Cooknook · 01/05/2023 04:55

As he was happy to vocalise his anti formula stance and 'persuade' and suggest you carry on BFing then I do think he could and should say something. It was obviously important to him and he felt he could comment on what you did with your body, so why is he quiet now? If he hadn't been like this then I'd gently suggest you're being a bit precious, but as is I don't think you are.

McGoadyFromFuckingGoadyville · 01/05/2023 05:37

Breastfeeding was so difficult, I hated it and was so glad to be done. I can't imagine doing it for so long and under so much stress too.

Hats off to you op. You deserve all the love in the world.

MaryShelley1818 · 01/05/2023 06:06

I am so sorry about your child, and hope they get better soon.

I breastfed both of my children, didn't expect any sort of fanfare, it's literally just feeding the children. I do think that some people are incredibly "look at me" about it and enjoy how it makes them look (clearly not you OP), whereas others just see it as a very practical thing.

JimmyHalpert · 01/05/2023 06:07

MrsTerryPratchett · 30/04/2023 22:24

Could posters please consider when they are posting sarcastic and unkind answers, they are doing it to a woman with a sick child?

OP, considering that your DH was anti-formula AND wanted you to carry on when you wanted to stop, yes, he could acknowledge the work you've out in. I assume a lot of the caring, lost sleep and comforting were solely on you because of BFing? He should be appreciative.

Exactly this.

For a site made up of mostly mothers, some women on here just come across as bitter and miserable.

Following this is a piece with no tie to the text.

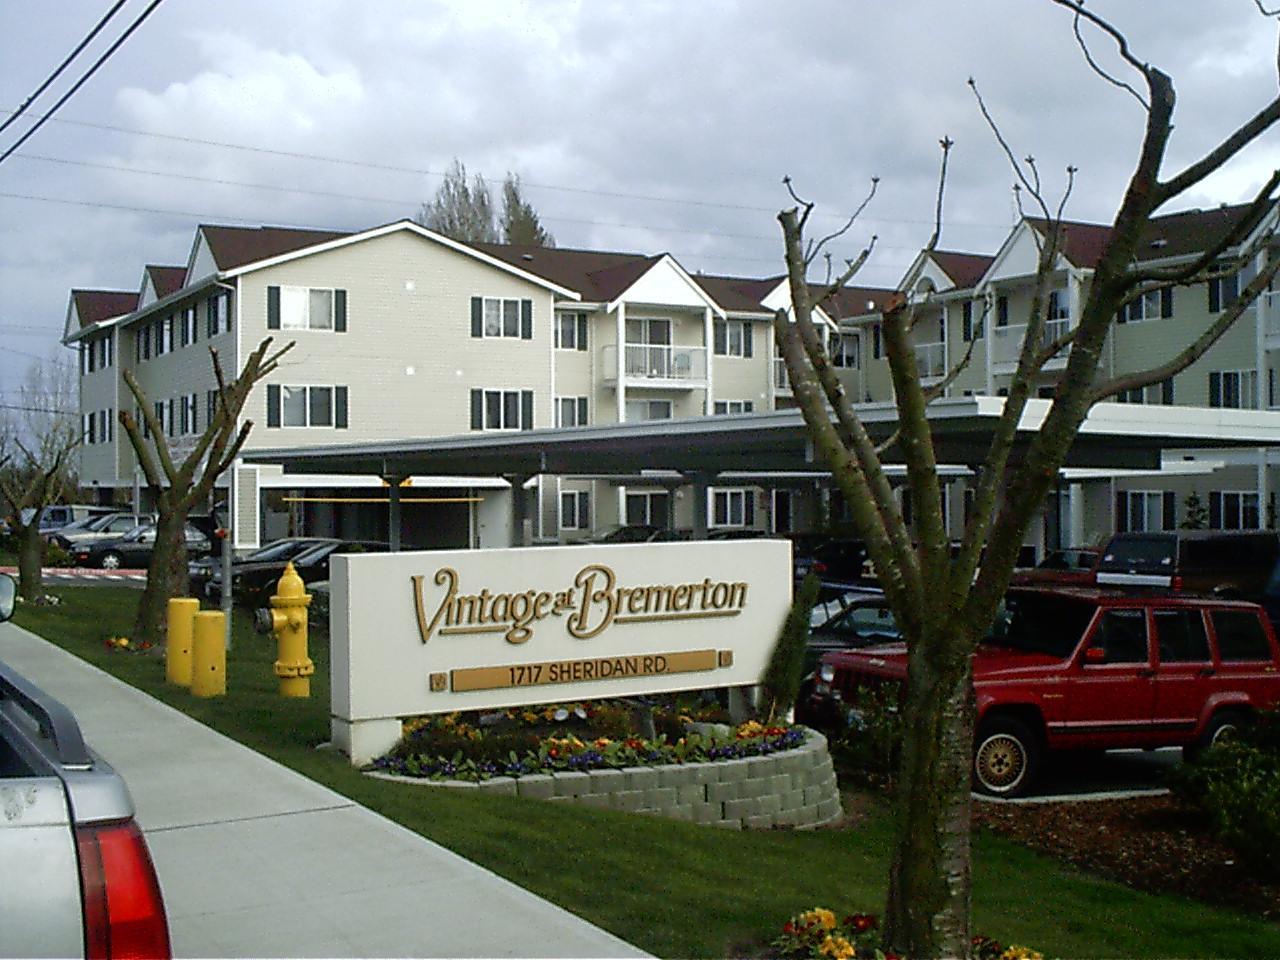 Vintage at Bremerton -n Sheridan Road, Bremerton, WA.JPG

Breastfeeding is a journey and it has lots of ups and downs, well done OP for making it as far as you have and I understand you want your partner to value you and all you’ve done for your family.

Summerfun54321 · 01/05/2023 06:09

Of course it's the end of a journey. It can be really emotional stopping and I can imagine especially as your DC is ill. Just tell your DH how you feel, maybe you could do something for you like a massage or get your nails done. Ignore the negative comments here. You've soothed and comforted a sick child during an incredibly stressful time.

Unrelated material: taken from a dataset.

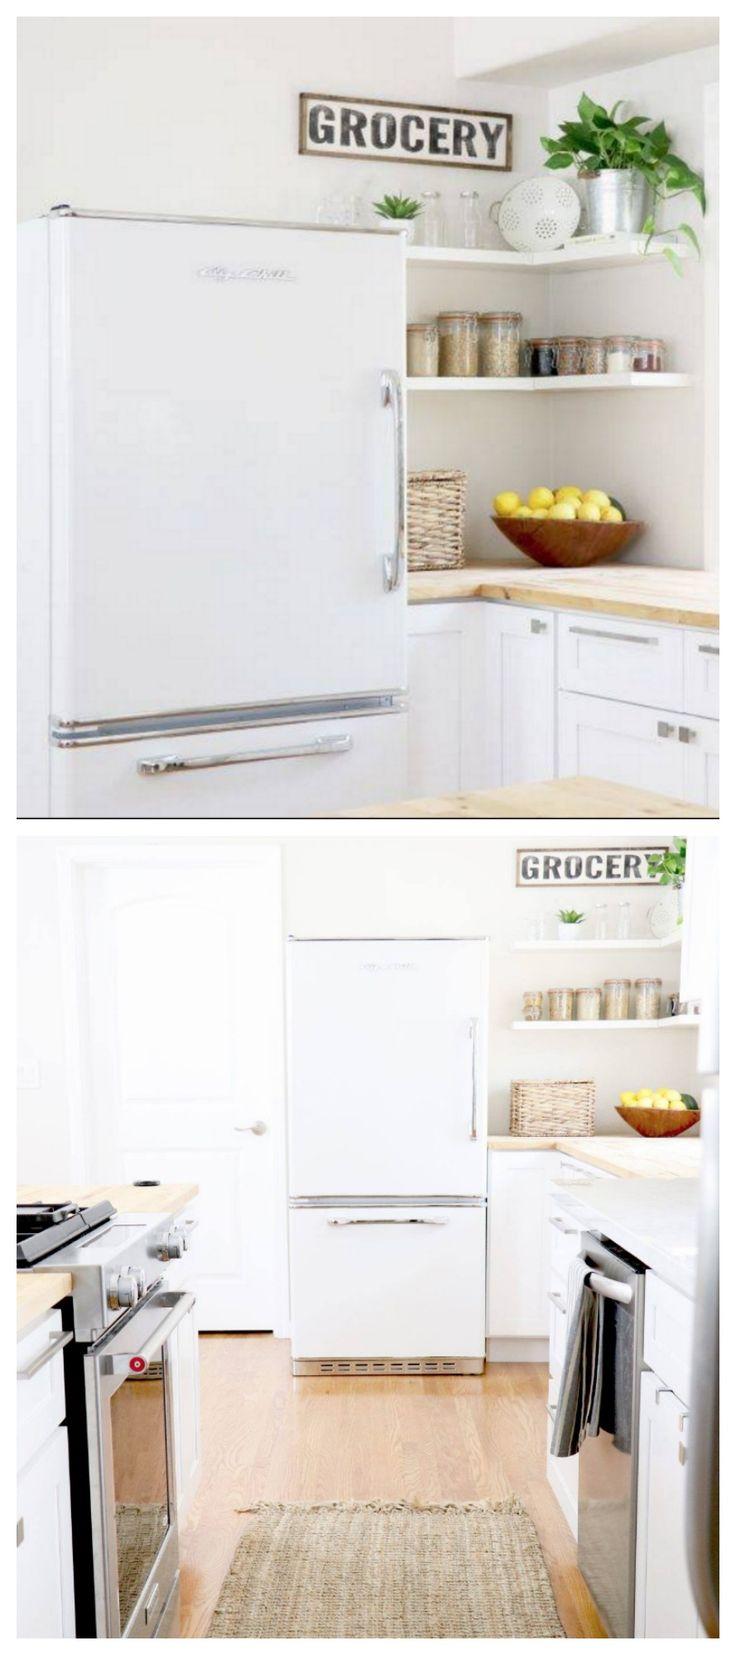 486 best Retro Kitchen Cool images on Pinterest | Vintage kitchen ...

Abacusporttaco · 01/05/2023 06:19

Your H had way too many opinions on your breastfeeding ‘journey’…

Ossification · 01/05/2023 06:37

... money to treat yourself to a piece of jewellery with your milk so you have a reminder
Are you on drugs? That is just very weird.
And why would you not remember you have breastfed for 2 years?
Eew
_
But OP, breast-feeding has been happening for milennia. Not someyhing which deserves/needs recognition. But I really do with your DC the best

Ossification · 01/05/2023 06:38
  • wish!

Sorry big fingers!

Wilkolampshade · 01/05/2023 06:38

I'm so sorry that your child's illness is ongoing. That must be horrendous for all of you. Xx
I agree that I think the use of 'journey' has unnecessarily riled people, which is unfortunate given that there are bigger issues being discussed here.

FWIW, could it possibly be that your DH had hoped for some kind of almost miraculous protection from breastfeeding and is unbearably disappointed to realise that this is not the case? Could his silence reflect this? Perhaps he is having to face up to a difficult reality?

I really hope your little one turns a corner soon OP.